The TGMI are pleased to announce a new software tool, DECoN, that we have made available. We have also published a paper detailing the development, evaluation and implementation of DECoN in Wellcome Open Research today.
DECoN is an acronym for Detection of Exon Copy Number variants. DECoN allows a tricky class of gene mutation, known as exon CNVs, to be automatically detected through analysis of gene panel sequencing data. Typically, most labs use an entirely separate test to detect this type of mutation. Inevitably this adds time and cost, and such tests are not available for all genes.
Genes can be mutated in many different ways
The most common way for genes to be mutated is through one letter of DNA being swapped for a different letter. These are called ‘substitutions’. Deletions or insertions of a few letters of DNA also occur not uncommonly. These are called ‘indels’.
We all have hundreds of substitutions and indels and most are innocuous. But if they occur at critical points in critical genes these mutations cause genetic conditions. Together they are the predominant mutation types that cause genetic disease.
There are, though, many other mutation types and ways in which gene function can be altered. Although rarer, these are still very important, not least because they can also lead to genetic conditions.
Exon CNVs are an important cause of genetic conditions
Exon CNVs are an example of these less common, but important, mutation types.
Genes are made up of blocks, called exons, as I described in a previous blog. Sometimes, one or more whole exons are deleted or duplicated. Several different terms are used to describe this mutation type. We use the term ‘exon copy number variant’, and the short term ‘exon CNV’.

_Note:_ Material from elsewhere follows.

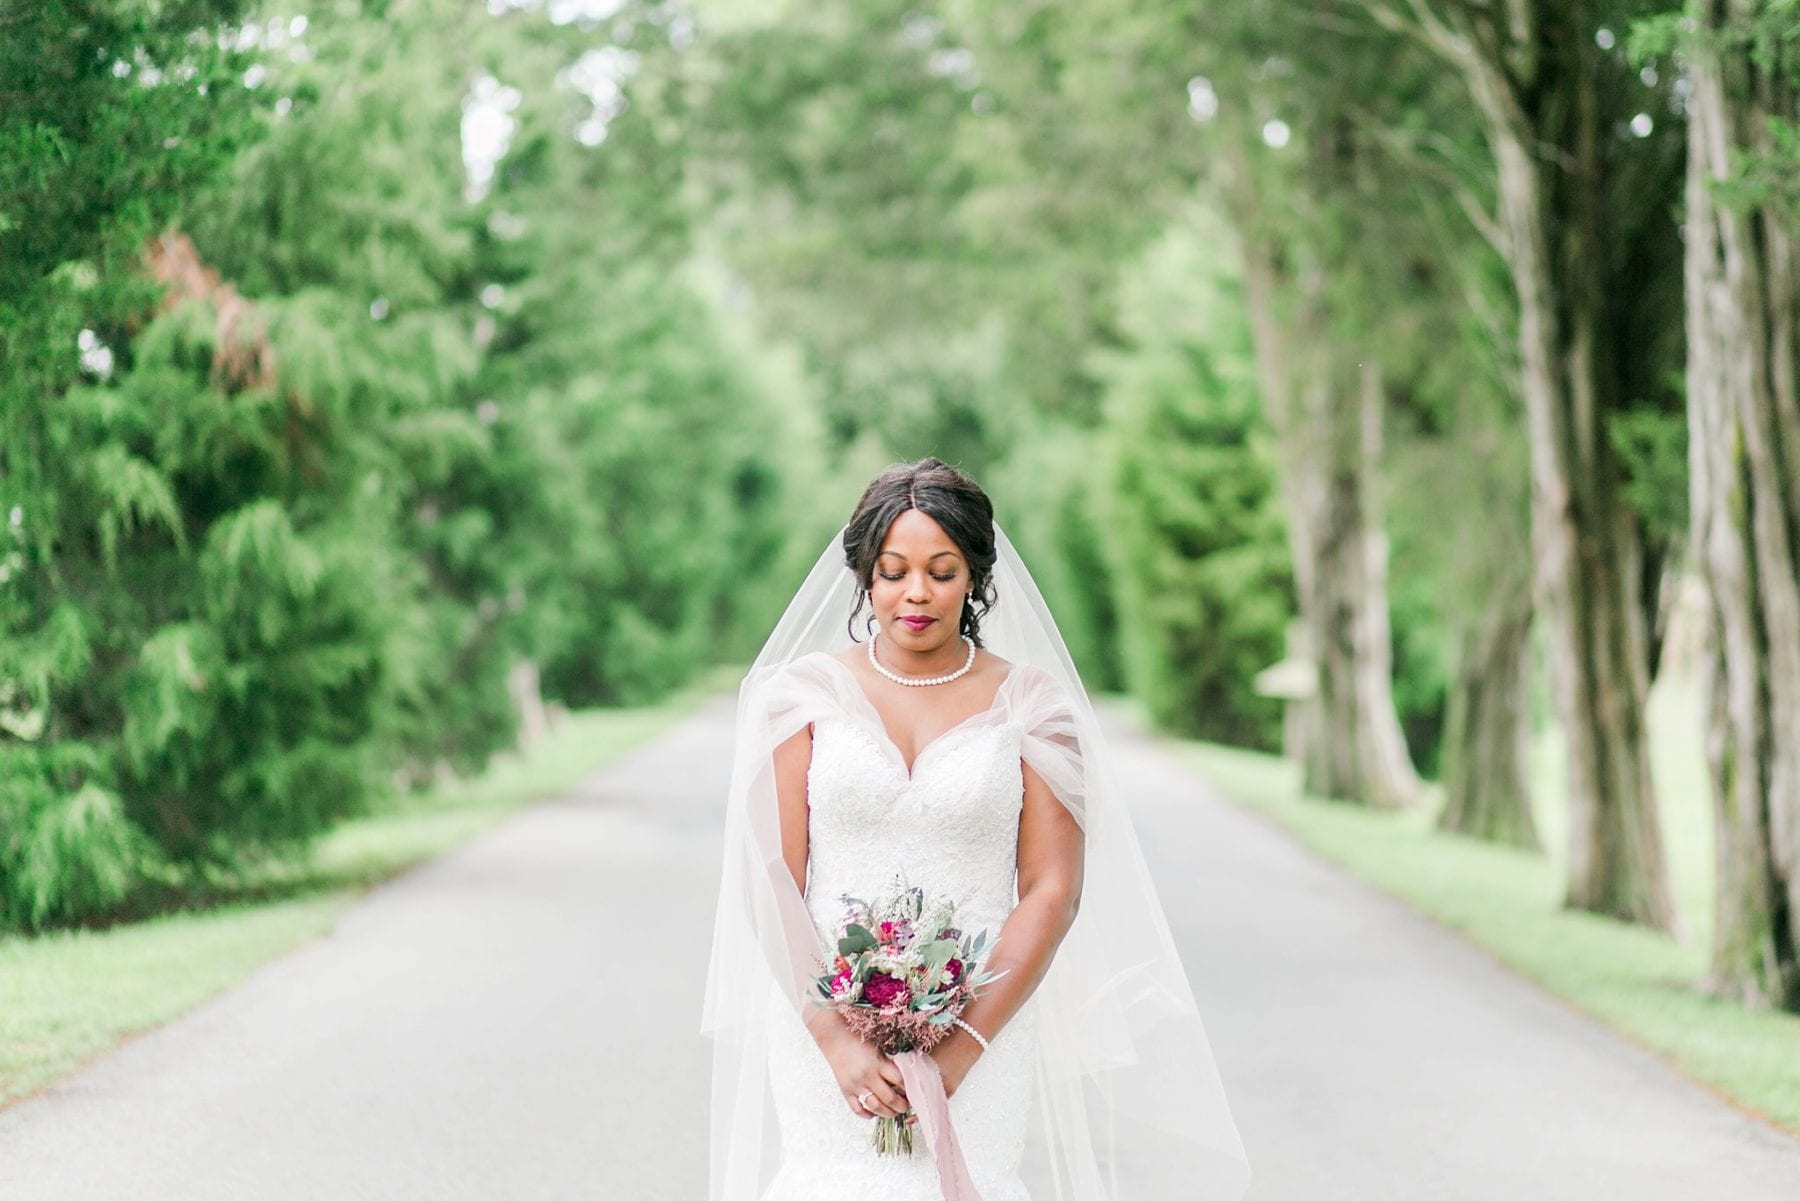 Jefferson Patterson Park Wedding Maryland Wedding Photographer Megan Kelsey Photography Jasmine & Seyi-68.jpg
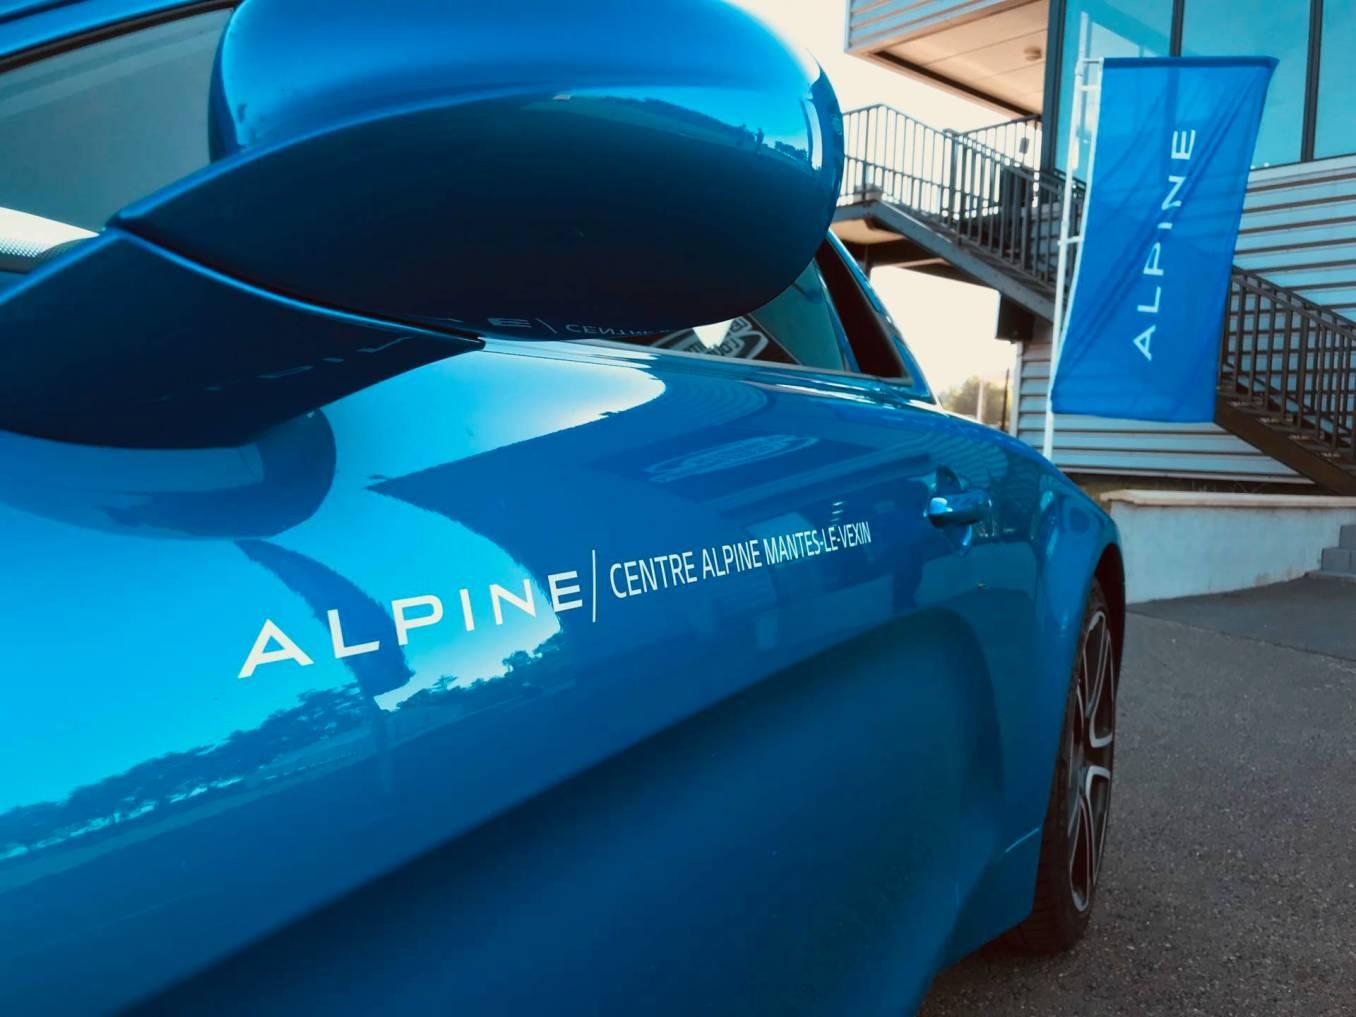 IMG 7626 1 | Centre Alpine Mantes le Vexin

Exon CNVs typically lead to the gene code becoming scrambled and they often stop the gene working at all. We have two copies of each gene so this doesn’t necessarily cause any major problems.
But exon CNVs that occur in human disease genes are an important cause of genetic conditions. For example, about 10 percent of BRCA1 cancer causing mutations are exon CNVs.
Exon CNVs are tricky to detect
DNA sequence can easily and accurately be analysed to detect substitutions and small indels. Exon CNVs have been more challenging to detect, for many different reasons, which we discuss in the DECoN paper.
In the research setting, this has led to exon CNVs typically being ignored. In the clinical setting, this is simply not acceptable for genes like BRCA1. As a result, many different methods to detect exon CNVs have been developed and deployed.
In my lab, we have mostly used MLPA to identify exon CNVs. Whilst accurate, it is costly, only suitable for small numbers of samples and is a separate test that needs to be done in addition to our sequencing test.
Accurate detection of exon CNVs in sequence data is now achievable
Rapid, accurate, high-throughput detection of exon CNVs has been a headache and a bottleneck in our desire to deliver fast, affordable, BRCA gene testing. Ideally, we wanted to be able to use the DNA sequence data being generated to detect substitutions and indels to also detect exon CNVs. This would allow us to have an integrated, single pipeline for all three mutation types.
Fortunately for us, Vincent Plagnol and his collaborators had developed an algorithm called ExomeDepth that can do this. Several TGMI investigators have been exploring the use of ExomeDepth to detect exon CNVs in gene panel data in the clinical setting. It works really well. Not yet perfectly, but very very well.
DECoN is a fast, accurate, exon CNV detection tool
My own group, together with Gerton Lunter’s group at The Wellcome Trust Centre for Human Genetics have focused on making a free, easy-to-use tool that optimises ExomeDepth for the clinical setting. DECoN uses the sequence data generated from the cancer gene panel that we run on 96 samples each week to generate exon CNV calls. This is fully automated and only adds 30 mins to the end of the analysis step for all 96 samples. We do confirm exon CNVs detected by DECoN by MLPA.
DECoN is very good, though there is also room for improvement, as we discuss in the paper. After undertaking 1000s of simulated and experimental evaluations we have implemented DECoN in our clinical testing lab, and its use has been approved by our accreditation body, UKAS.
DECoN has been central to our ability to roll out fast, affordable, routine cancer gene testing.
DECoN is freely available
One of the TGMI’s aims is to develop and validate flexible processes that maximise the research and clinical utilities of genetic testing. DECoN is an example of an output of this aim. To facilitate its clinical usefulness we have made an easy-to-install, packaged version available at www.icr.ac.uk/decon together with comprehensive documentation.
We have also made DECoN available on GitHub for the research user.
We hope DECoN will be useful to many, and would be happy to receive any comments or feedback.
Image: DECoN picture showing a BRCA1 exon CNV. BRCA1 contains 24 exons. Exons 8 through 13 are deleted (in red) in this sample. See our paper for more details.